» **DATA SHOWN**
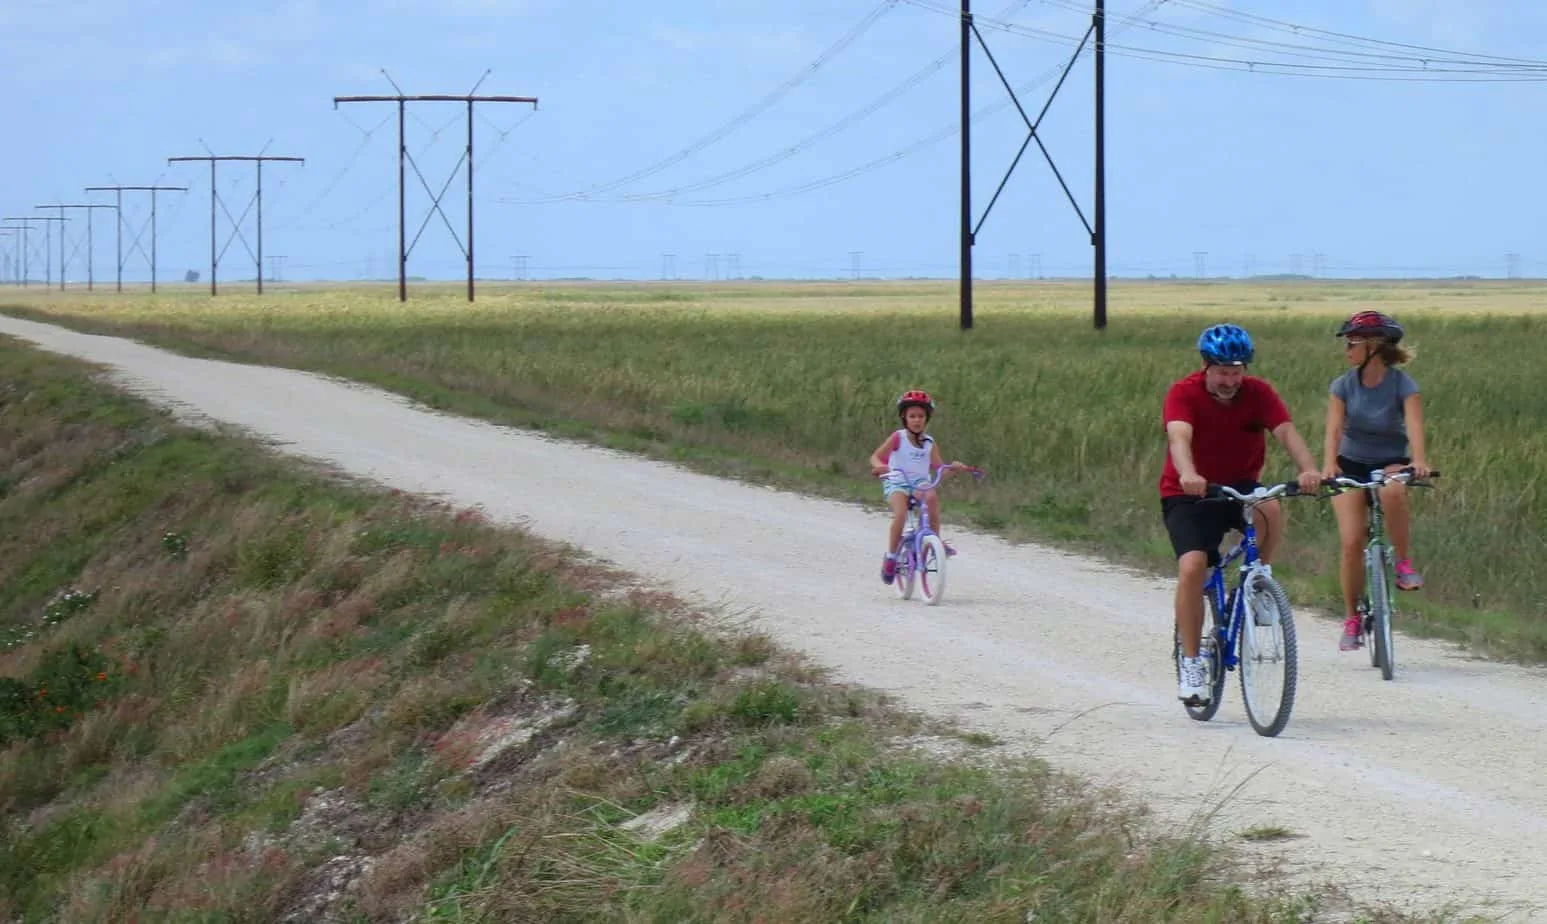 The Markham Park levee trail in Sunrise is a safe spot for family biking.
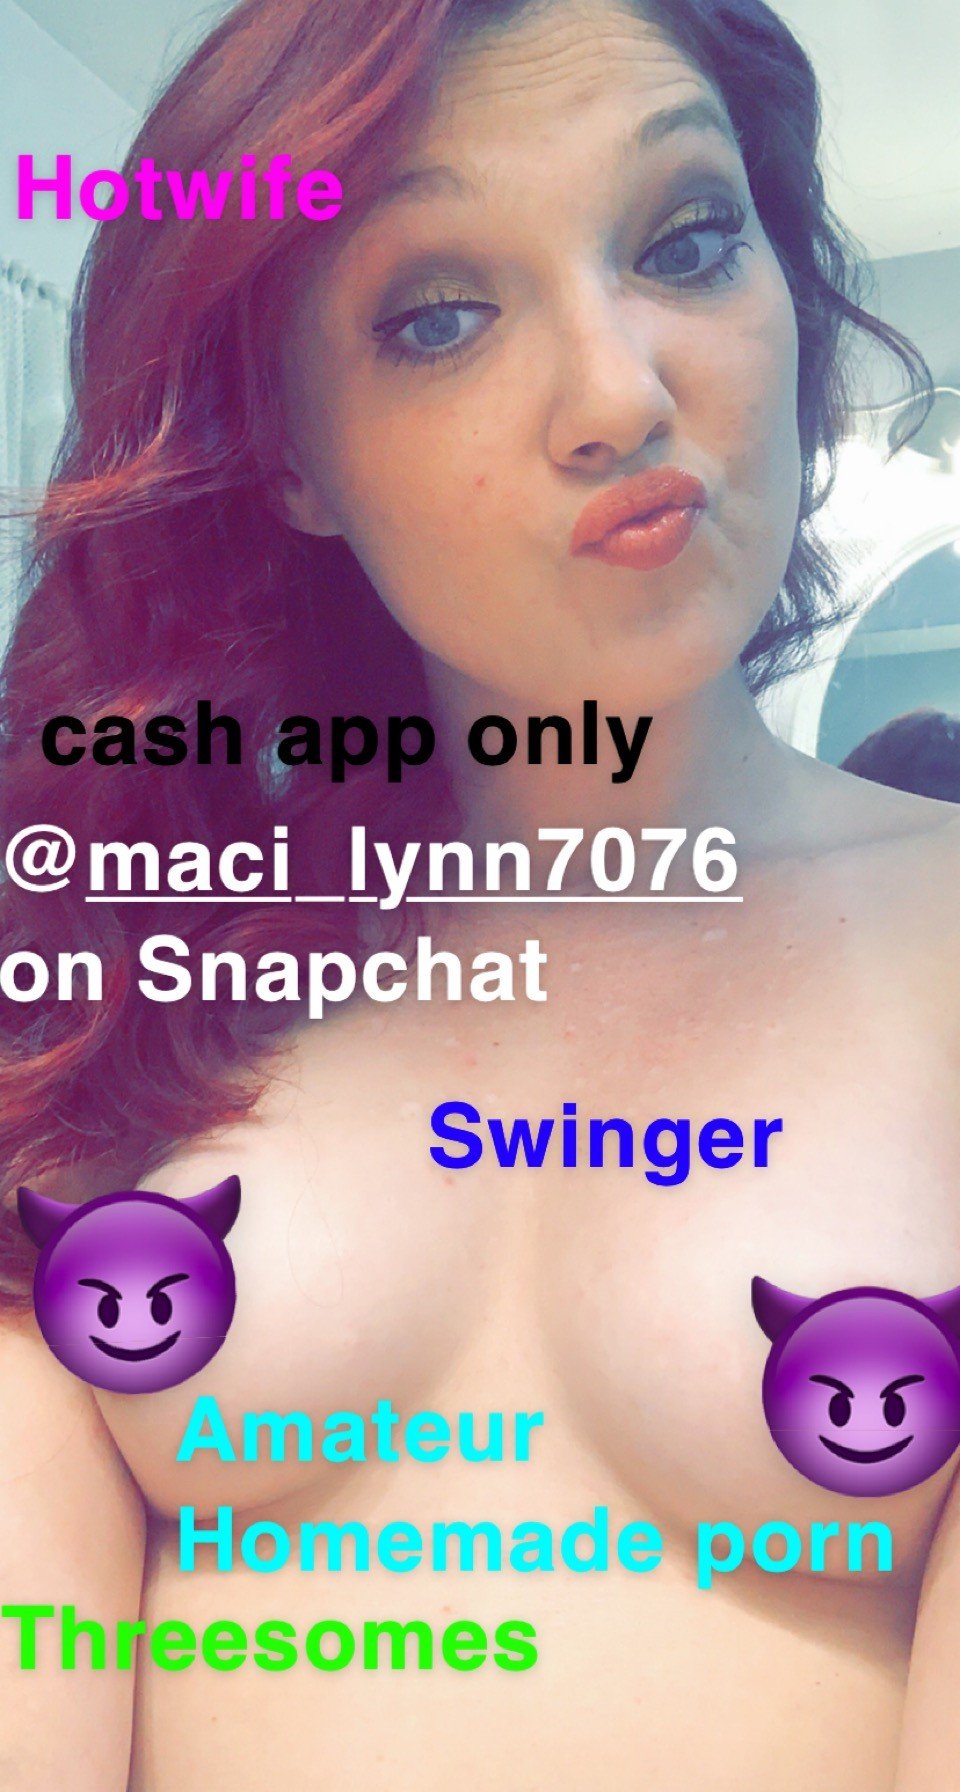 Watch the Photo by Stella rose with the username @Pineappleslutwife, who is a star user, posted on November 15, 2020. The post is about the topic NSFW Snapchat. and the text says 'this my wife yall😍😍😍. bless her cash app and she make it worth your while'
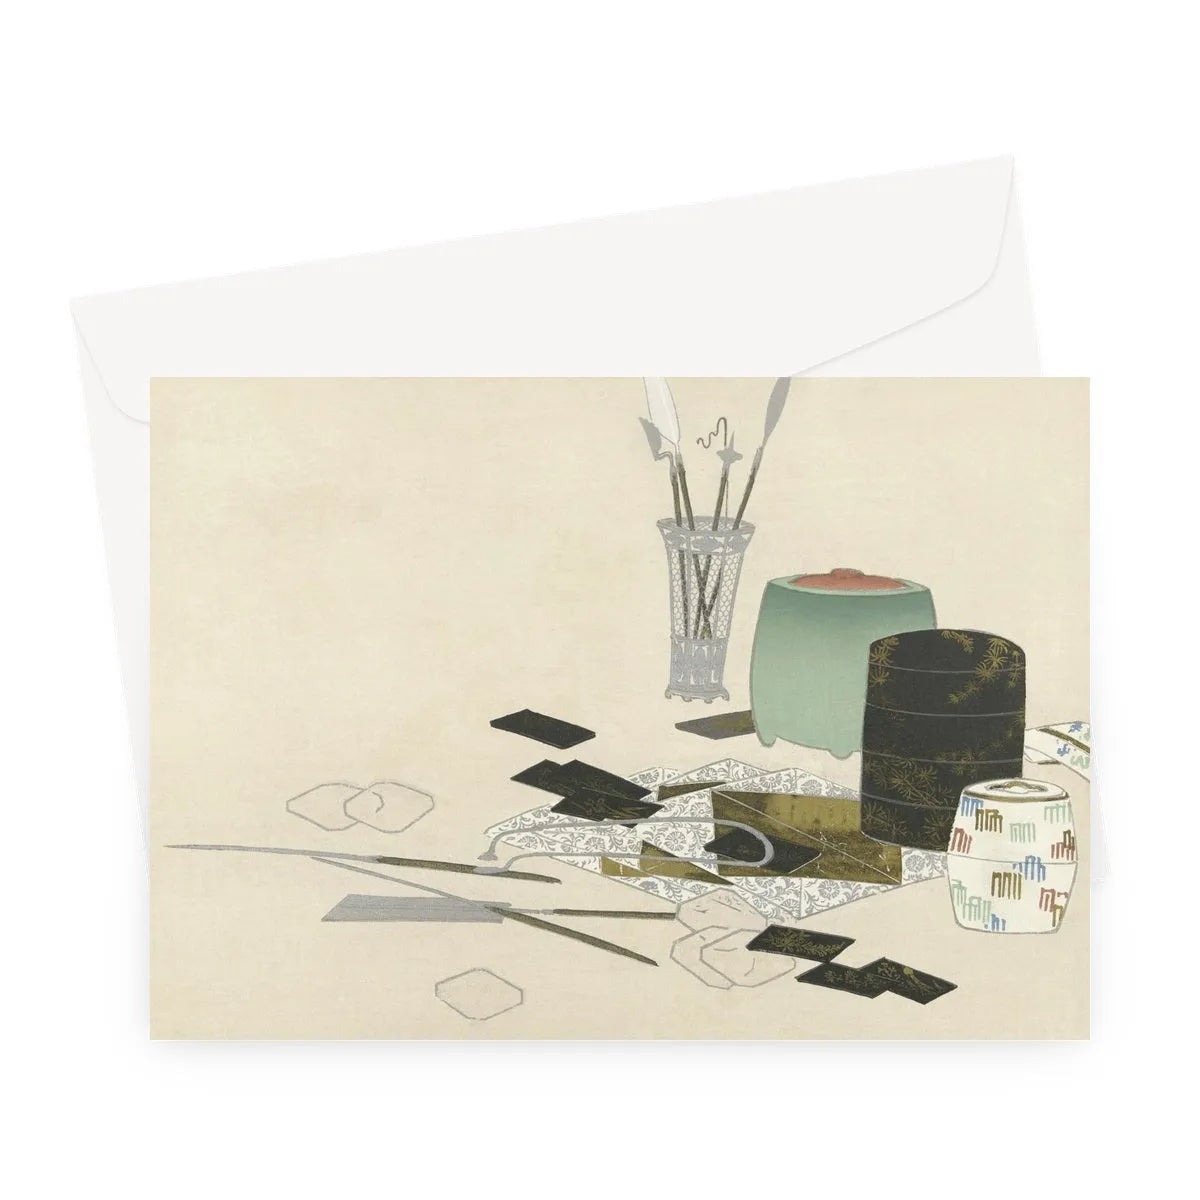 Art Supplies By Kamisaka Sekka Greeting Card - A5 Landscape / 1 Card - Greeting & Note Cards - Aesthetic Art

--

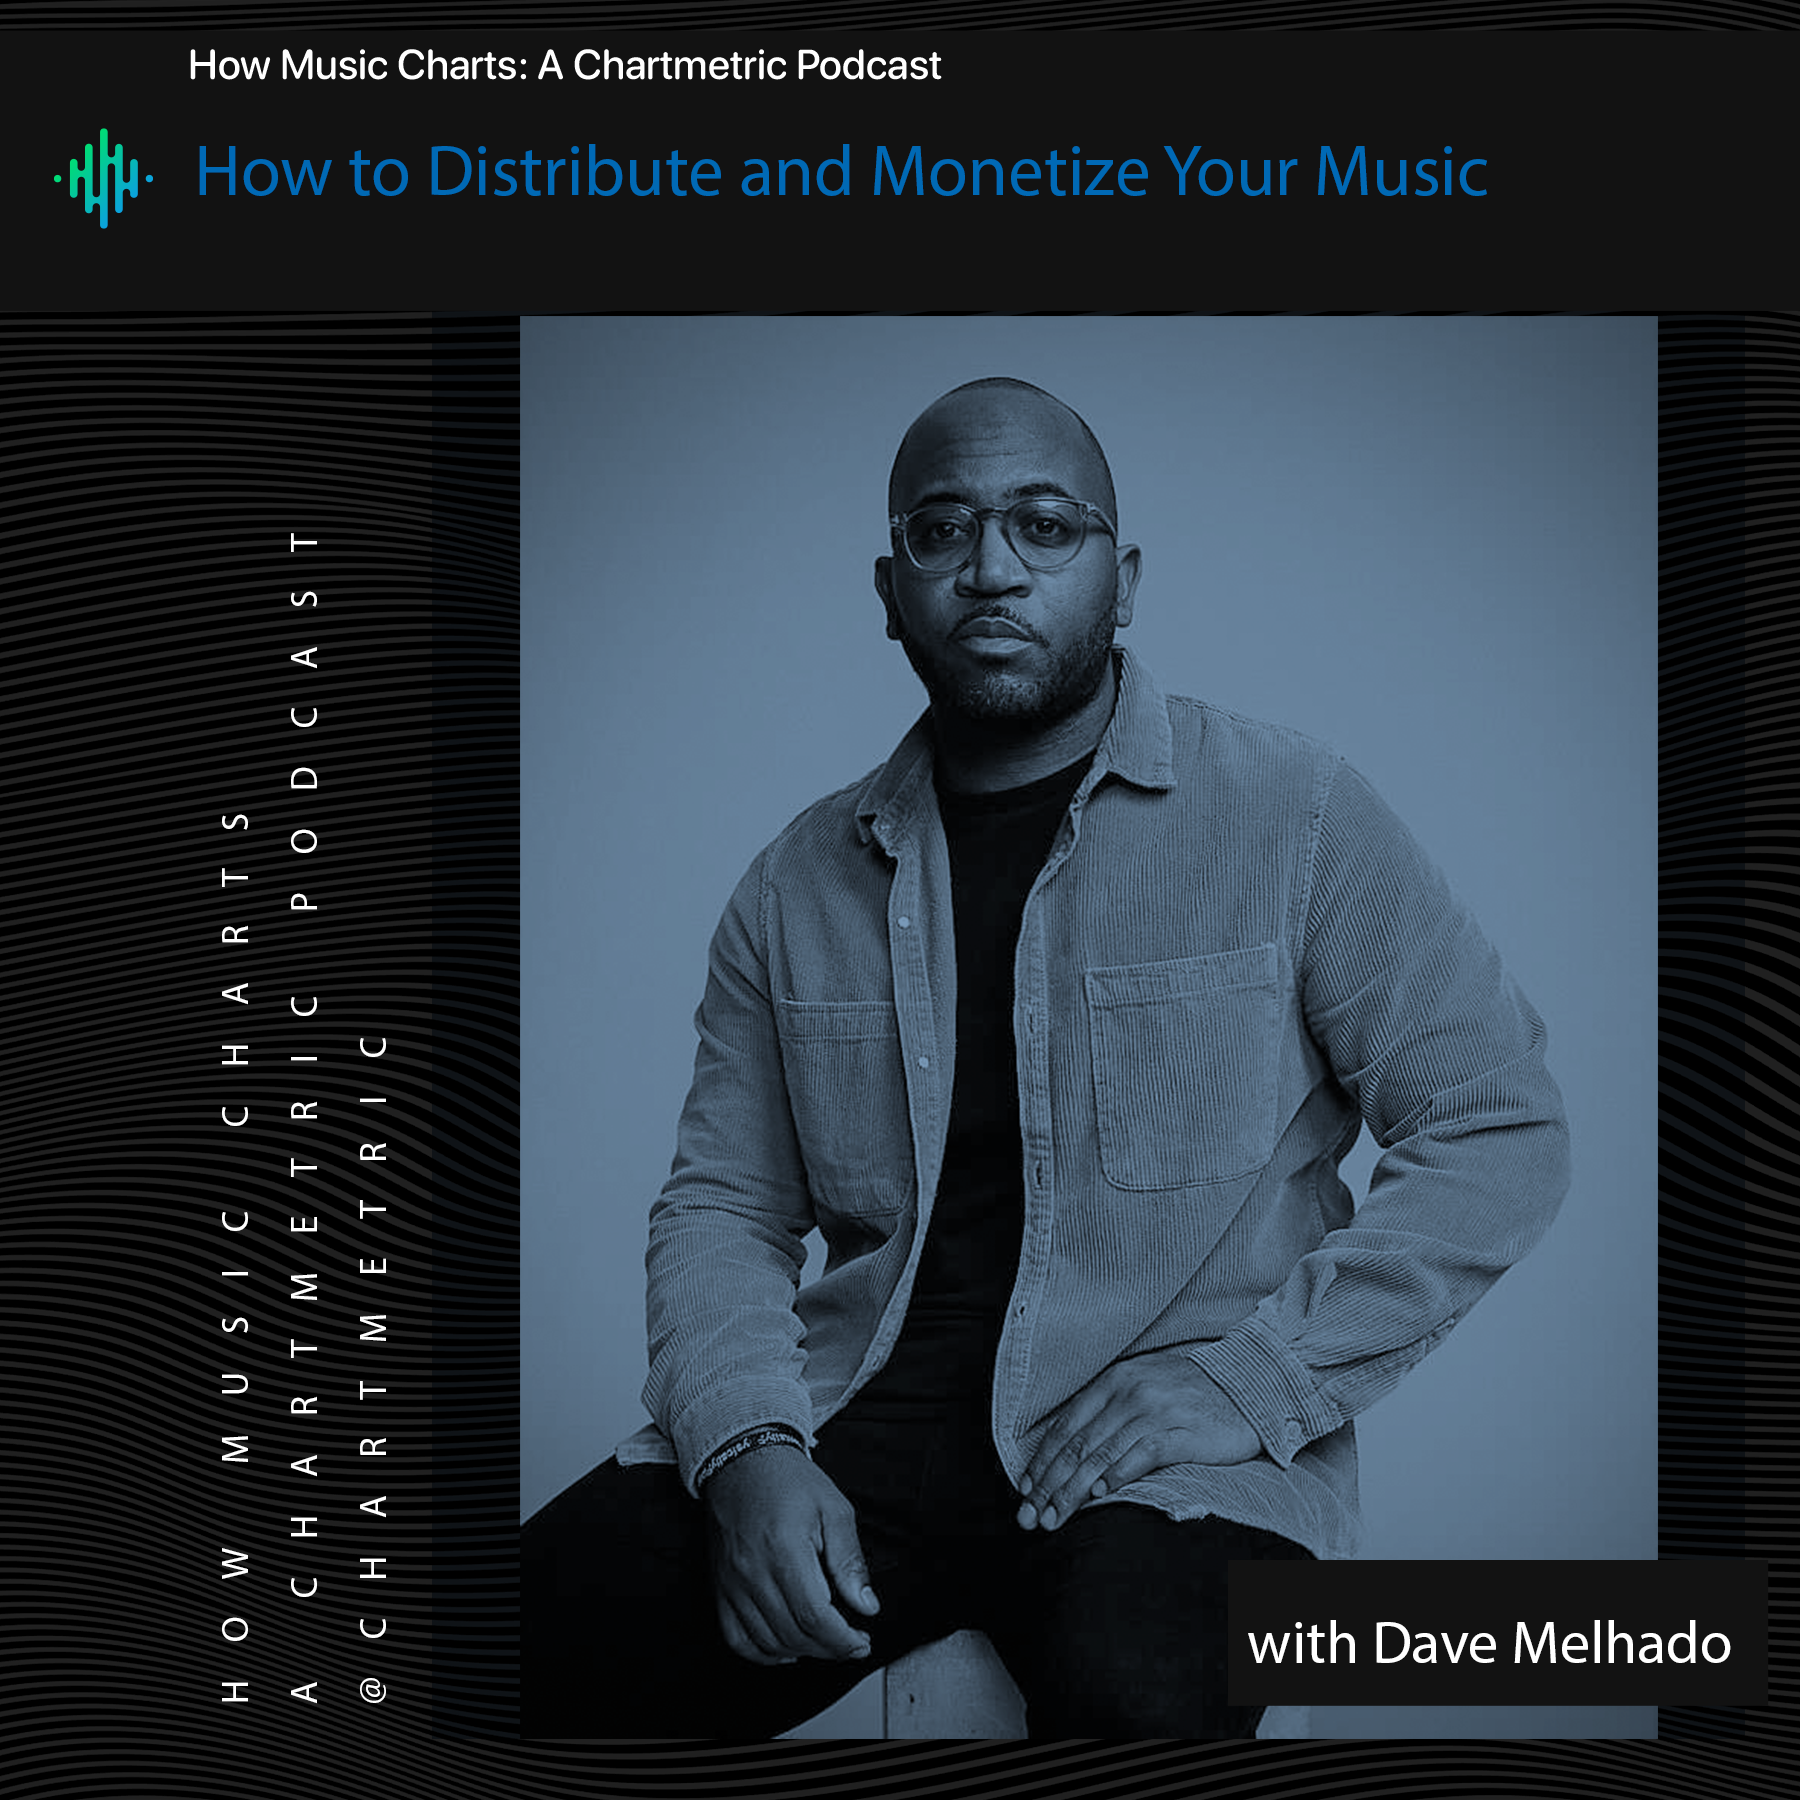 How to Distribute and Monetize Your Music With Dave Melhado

» **REQUIRED WORK**
Print exactly the lines above that run from the one with "Watch the Photo" to the one with "Art Supplies By", both included. No pictures.

» **WRITTEN ANSWER**
 Watch the Photo by Stella rose with the username @Pineappleslutwife, who is a star user, posted on November 15, 2020. The post is about the topic NSFW Snapchat. and the text says 'this my wife yall😍😍😍. bless her cash app and she make it worth your while'
 Art Supplies By Kamisaka Sekka Greeting Card - A5 Landscape / 1 Card - Greeting & Note Cards - Aesthetic Art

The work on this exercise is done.